Retail ‘clustering’ causes a variety of problems

Supply and demand should dictate store locations

The cannabis industry in Washington has a number of problems, many of which stem from the regulatory structure created by under-informed lawmakers and state officials. This will likely also be the case for the five states that passed legalization measures in 2016 — California, Maine, Massachusetts and Nevada.

One such problem that is popping up and forcing action from local governments is the “clustering” of retail stores.

Clustering is basically what you would think, based on the common use of the term. There are main roads throughout Washington that, for several reasons, now have a number of retail cannabis stores located close together. Local residents and adjacent business owners have taken to filing formal complaints with their local city councils and the Washington State Liquor and Cannabis Board claiming that clustered retail cannabis businesses attract crime, loitering, illegal public consumption of cannabis and other such concerns. While some, if not all, of these concerns may be legitimate, the reasons cannabis businesses are forced into clusters can be explained by Washington regulations.

Unlike Oregon, Alaska and Colorado, Washington state officials made the regulatory decision to restrict the number of retail licenses rather than allow the market to act freely. Washington set up a system of allotments, both with the original round of retail licenses after Initiative 502 legalized recreational marijuana in 2014 and the 2016 increase following the passage of Senate Bill 5052. These restrictions were meant to limit access points to cannabis and force a relatively even distribution of stores based on the population of individual cities and counties.

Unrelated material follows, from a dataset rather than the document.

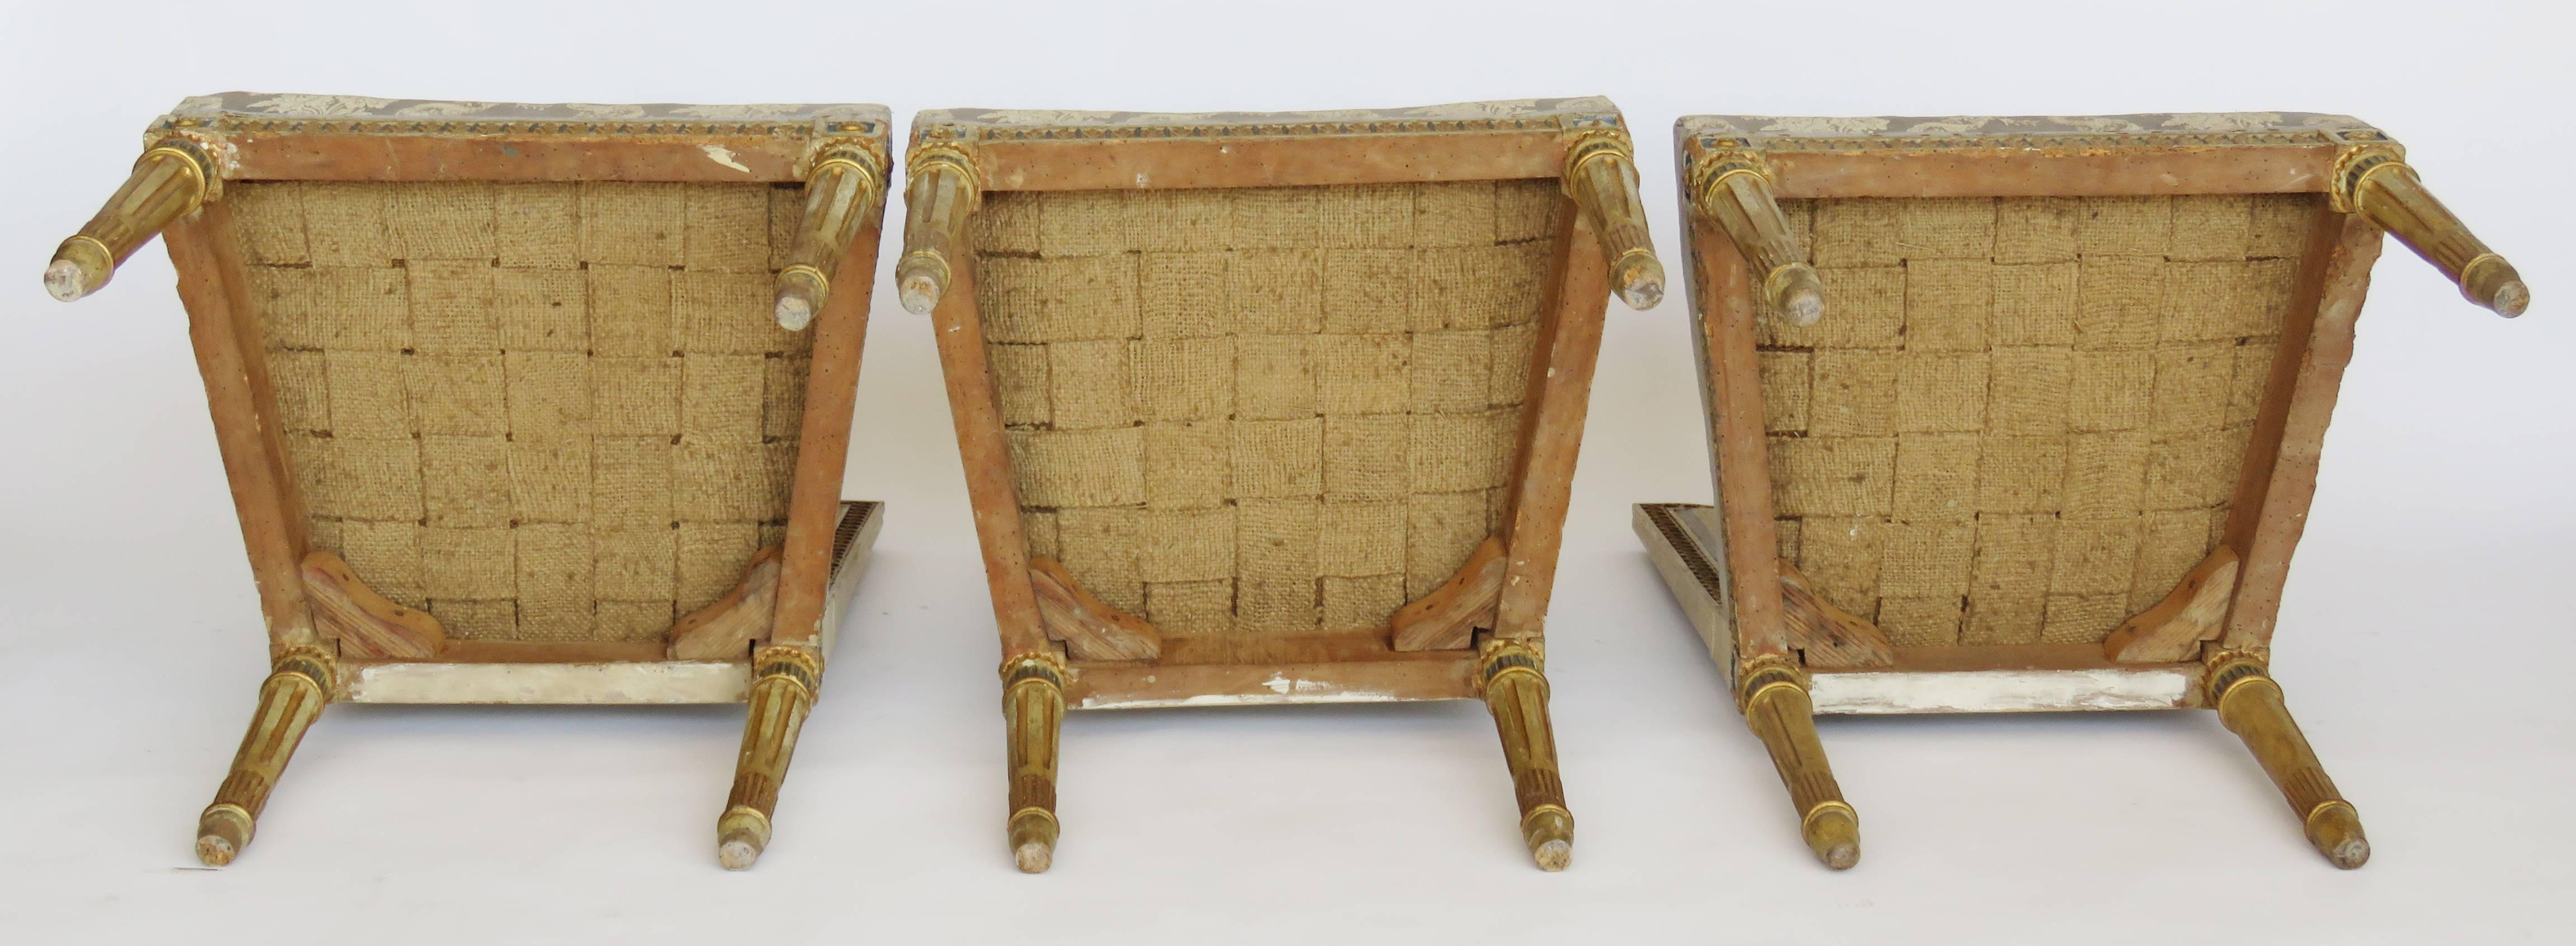 Set of Three Giltwood Louis XVI Style Chairs For Sale 1

The allotment system means each county at large and incorporated city are allowed a specific number of retail cannabis stores within their boundaries. Small cities are granted one or two licenses, while major cities like Seattle and Tacoma are allowed up to 42 and 16 licenses, respectively.

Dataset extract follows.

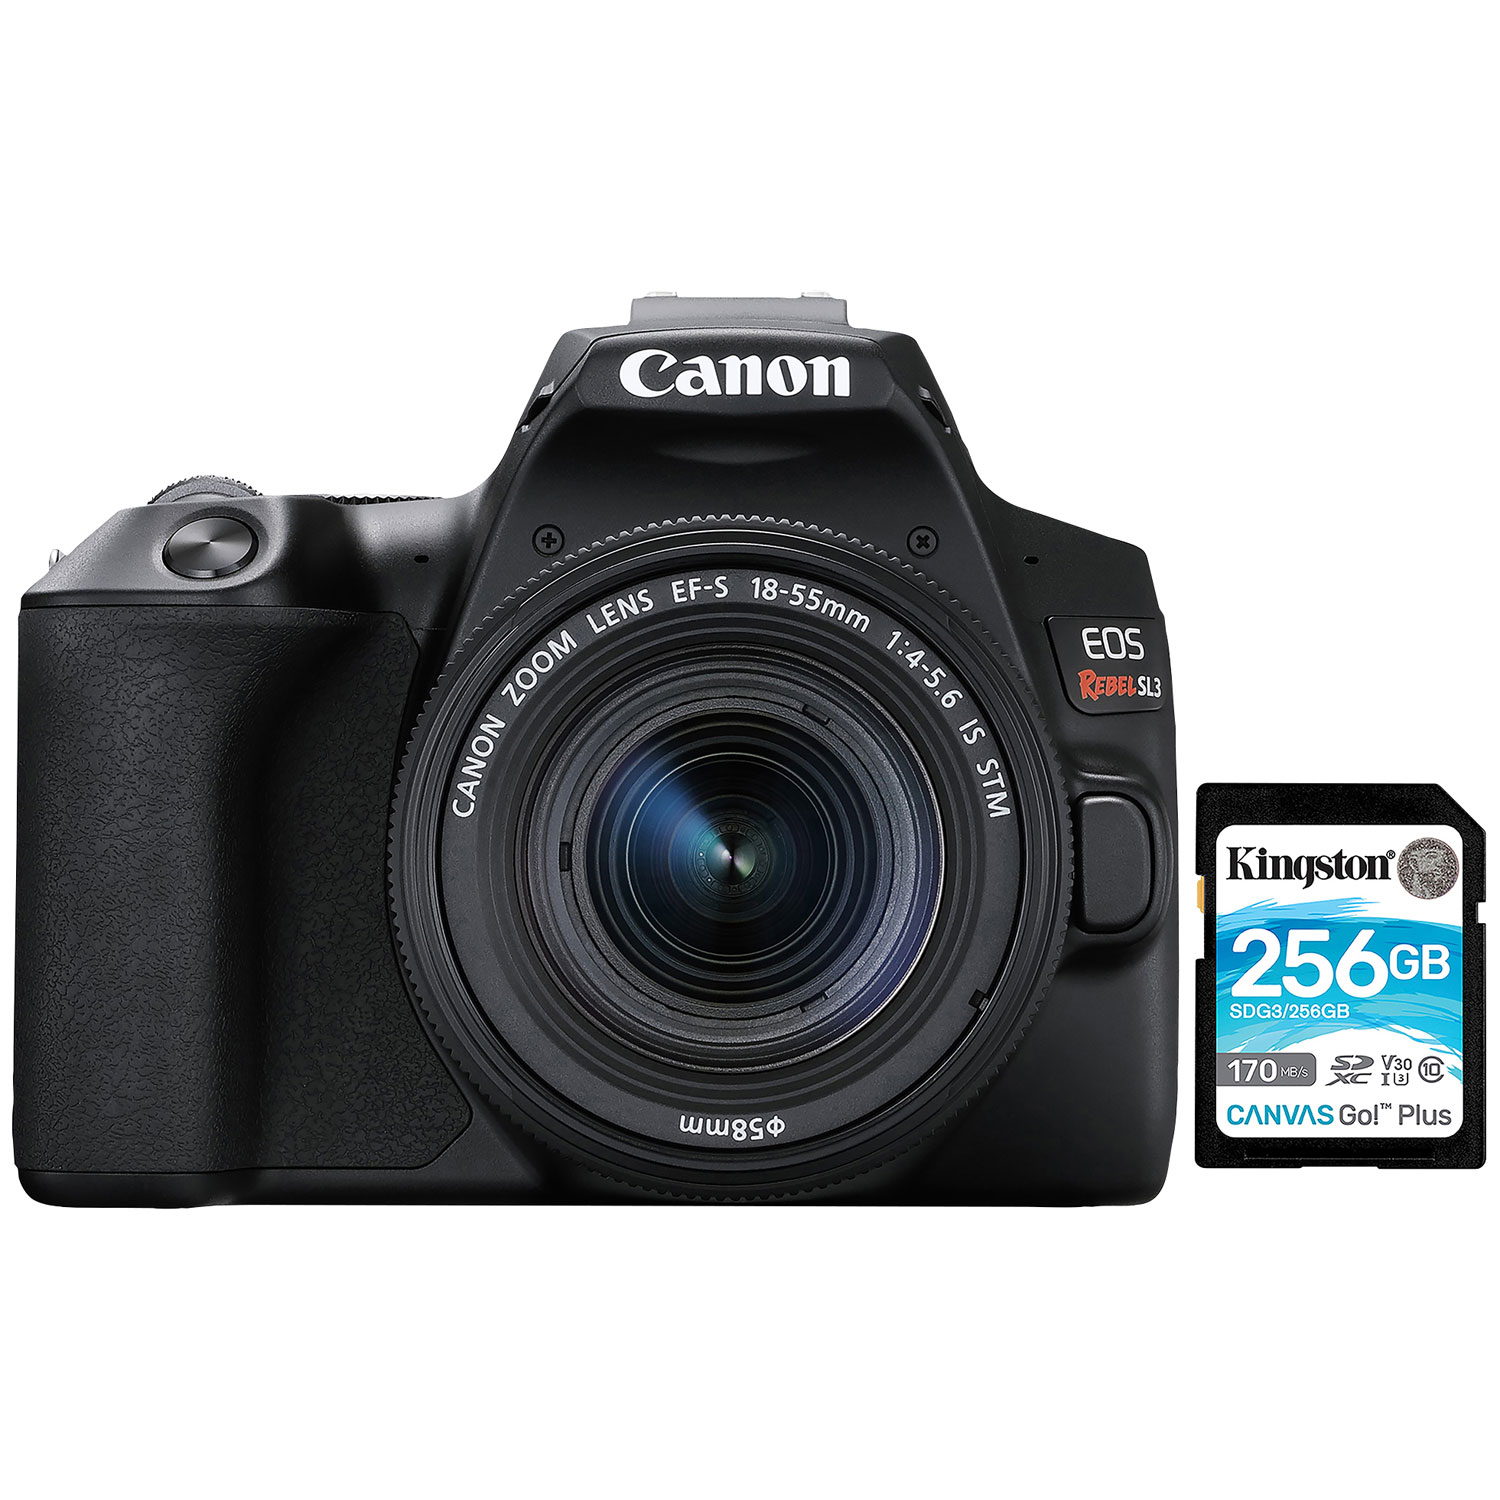 Canon EOS Rebel SL3 DSLR Camera with 18-55mm Lens Kit & 256GB Memory Card

In theory, this may seem like a good idea to guarantee a certain dispersion in order to reach rural communities, but it has also led to a number of licenses being captured and squandered in jurisdictions that place bans or moratoriums on the cannabis industry. Washington does not allow these license allotments to transfer to alternative jurisdictions so many potential store opportunities have been lost by requiring a certain number of licenses to be designated to areas that refuse to allow them. A number of the remaining licenses are then forced into groups on the border between a jurisdiction with a ban and one without to reach certain major metropolitan areas and access those consumers.

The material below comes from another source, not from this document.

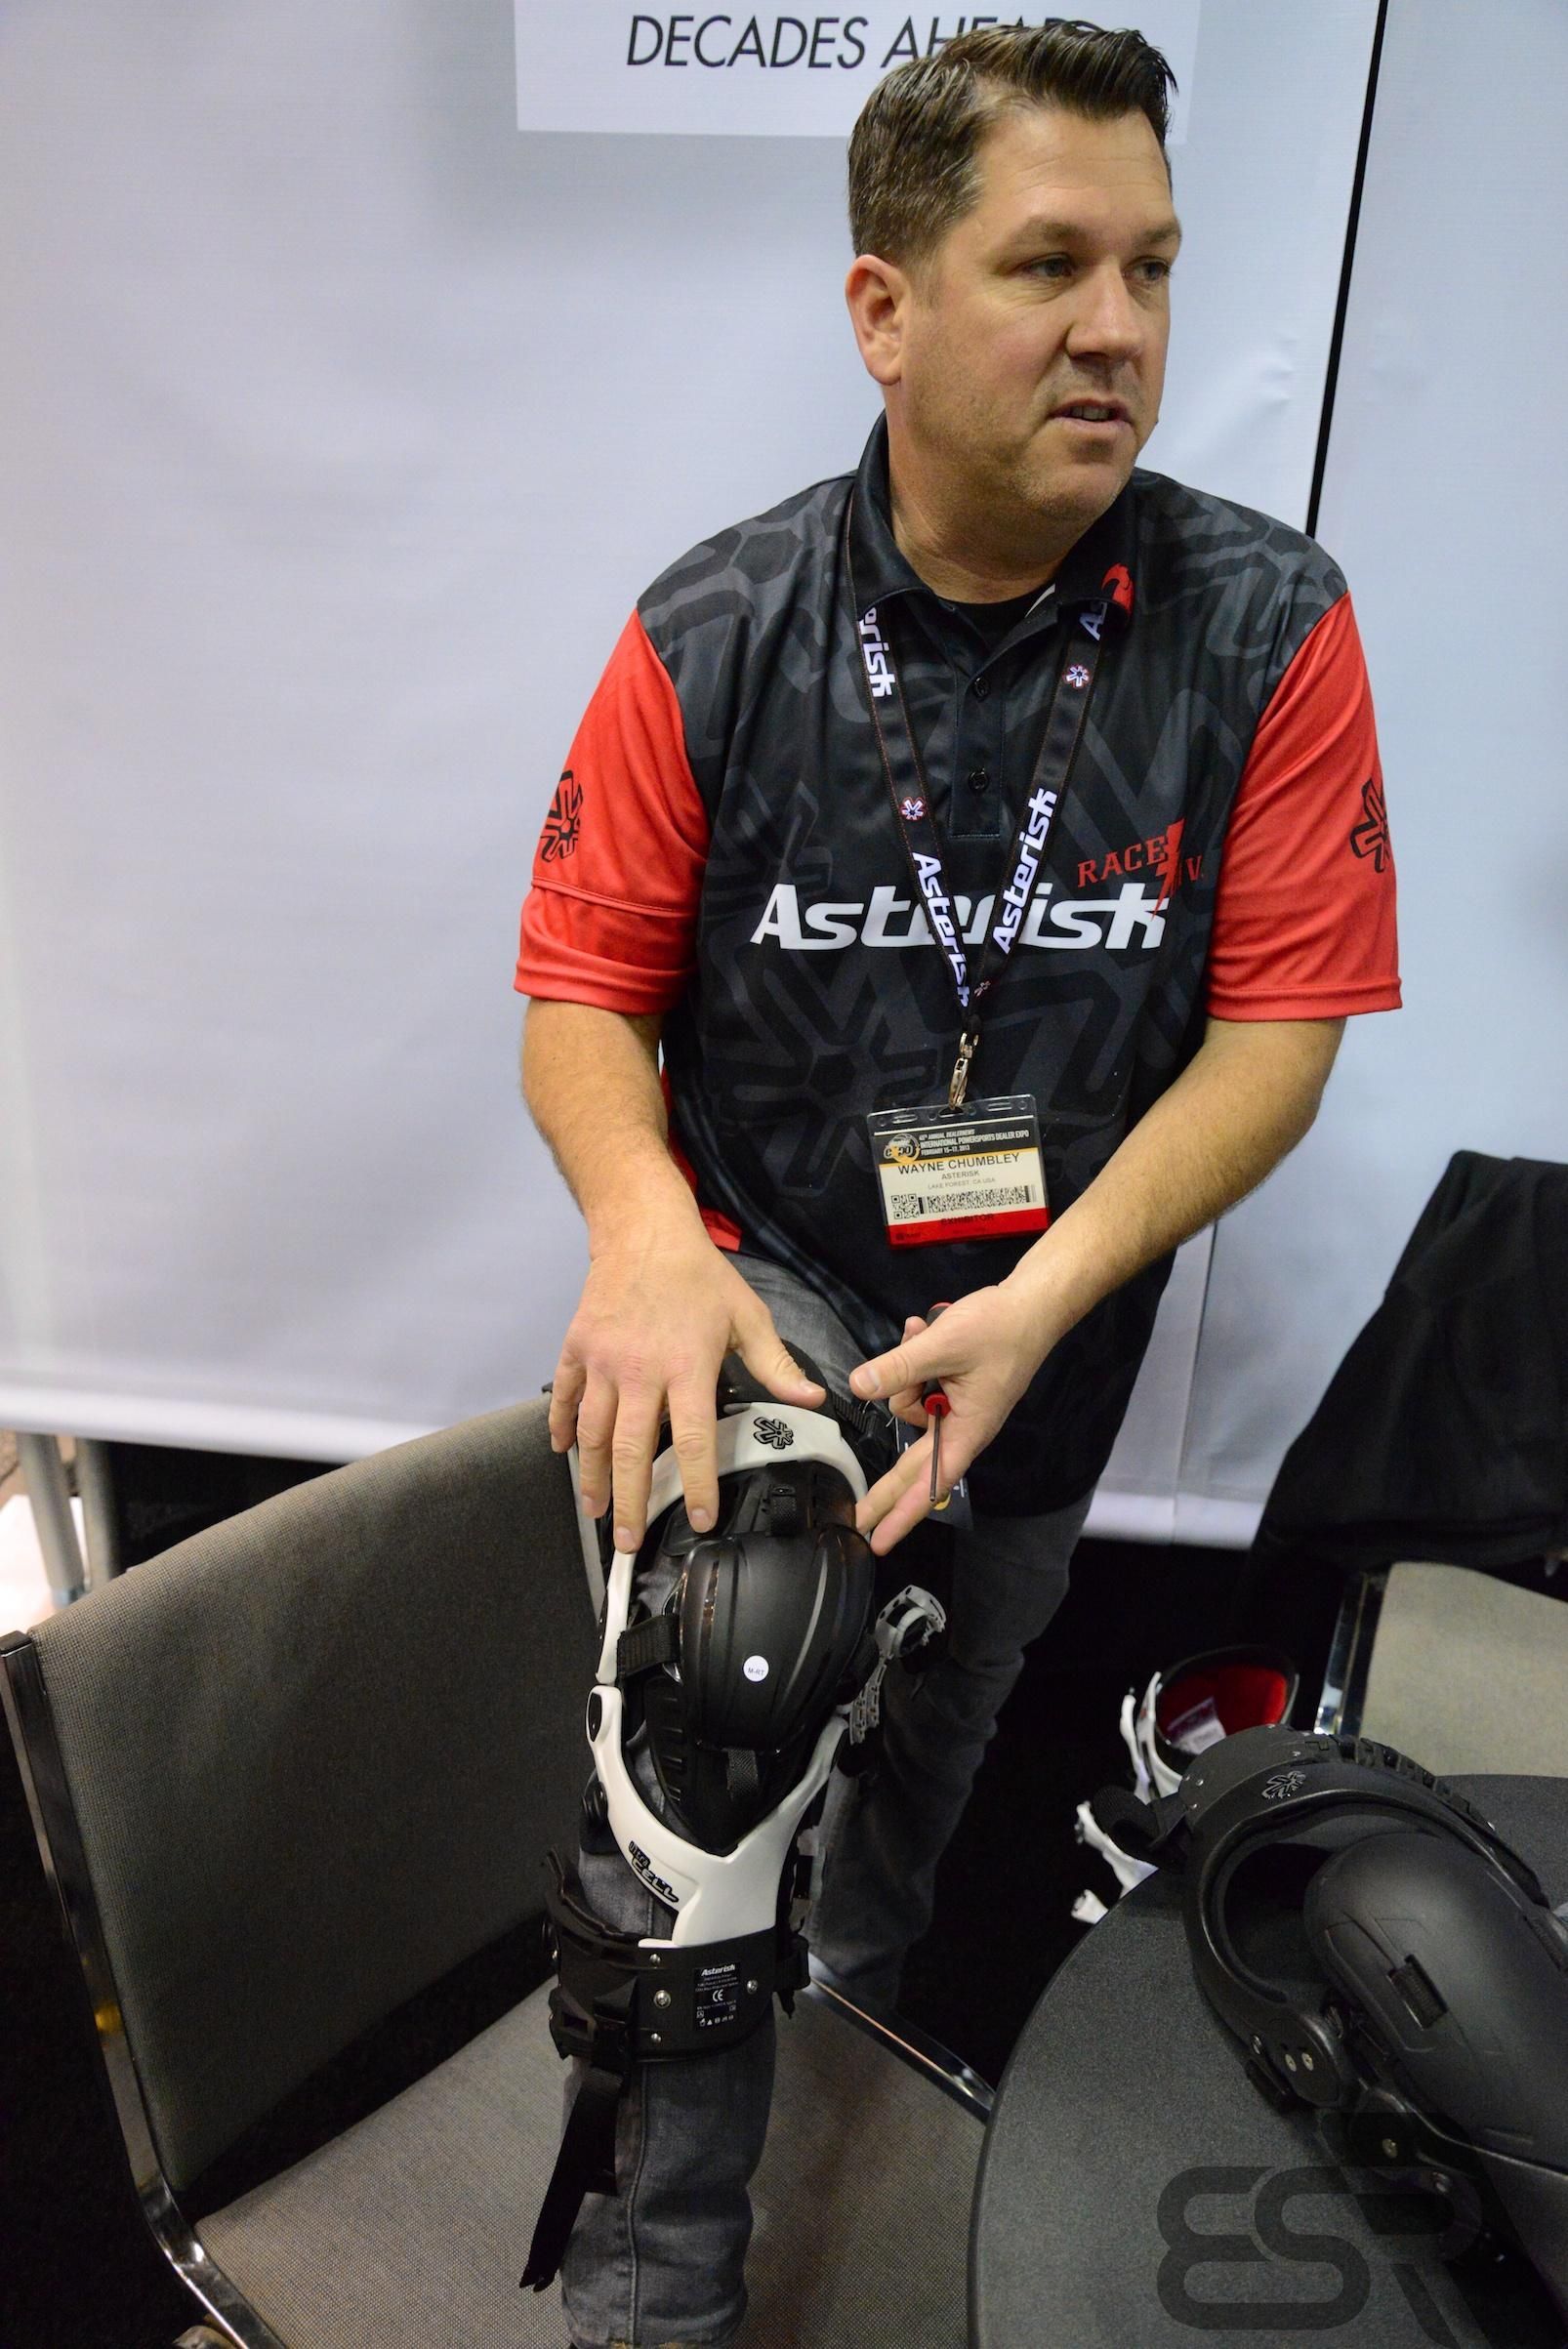 Wayne from Asterisk gave me a great explanation for why I need knee protection in dirt

Further, within these jurisdictions, either through the requirements of the Washington regulations or those imposed by the local government, the stores are restricted in where they can be located. For instance, the Washington Administrative Code requires cannabis licenses to be 1,000 feet from any school, park, library, etc. Localities are then granted the authority to adjust this buffer by increasing or decreasing its requirements as they see fit. Many local governments further restrict cannabis businesses to certain isolated zoning areas, typically industrial or commercial.

Denver, Colorado

After all these restrictions, most cities or counties have very narrow strips that are both commercially viable for business and compliant with the buffers. As such, areas like Highway 99 in Snohomish County, Aurora Avenue in Seattle and Rainier Avenue South between Renton and Seattle have become hotbeds for cannabis businesses. This trend can be found all over Washington.

The City of Seattle created an ordinance structure which requires a certain buffer zone between licensed cannabis businesses, in addition to the separation from schools and parks. This is the same sort of requirement Snohomish County has chosen to place on new cannabis retail stores. Specifically, in a response to a clustering concern on Highway 99, the Snohomish County Council determined by a 3-2 vote that new marijuana retail stores could not be located within 2,500 feet of existing stores, including those in adjacent jurisdictions.

State regulations are painting cannabis businesses into a corner and creating clusters. Local governments are then stepping in and instituting new requirements to the point where many businesses will be unable to find a viable location without taking over a currently licensed location. Without a change in policy, new businesses will have no locations left to find and existing businesses will not have the ability to scale up to new buildings.

For those who believe in and support the cannabis industry, let’s hope California, Maine, Massachusetts and Nevada see what is happening in Washington and choose to go another way. Excessive regulatory tinkering and overreach from governmental agencies are causing countless problems and setting the cannabis industry up to appear as a bad actor in the market. If regulators let the industry act as if it were any other product, these issues would be resolved by the laws of supply and demand.

 

Matthew Cleary is an attorney at Van Kampen & Crowe PLLC (www.vkclaw.com), practicing business and transaction law with a particular emphasis on the cannabis industry. He has represented cannabis businesses from highly trafficked retail stores to large producer operations and everything in between. Before practicing law, he was an enforcement officer for the Washington State Liquor and Cannabis Board.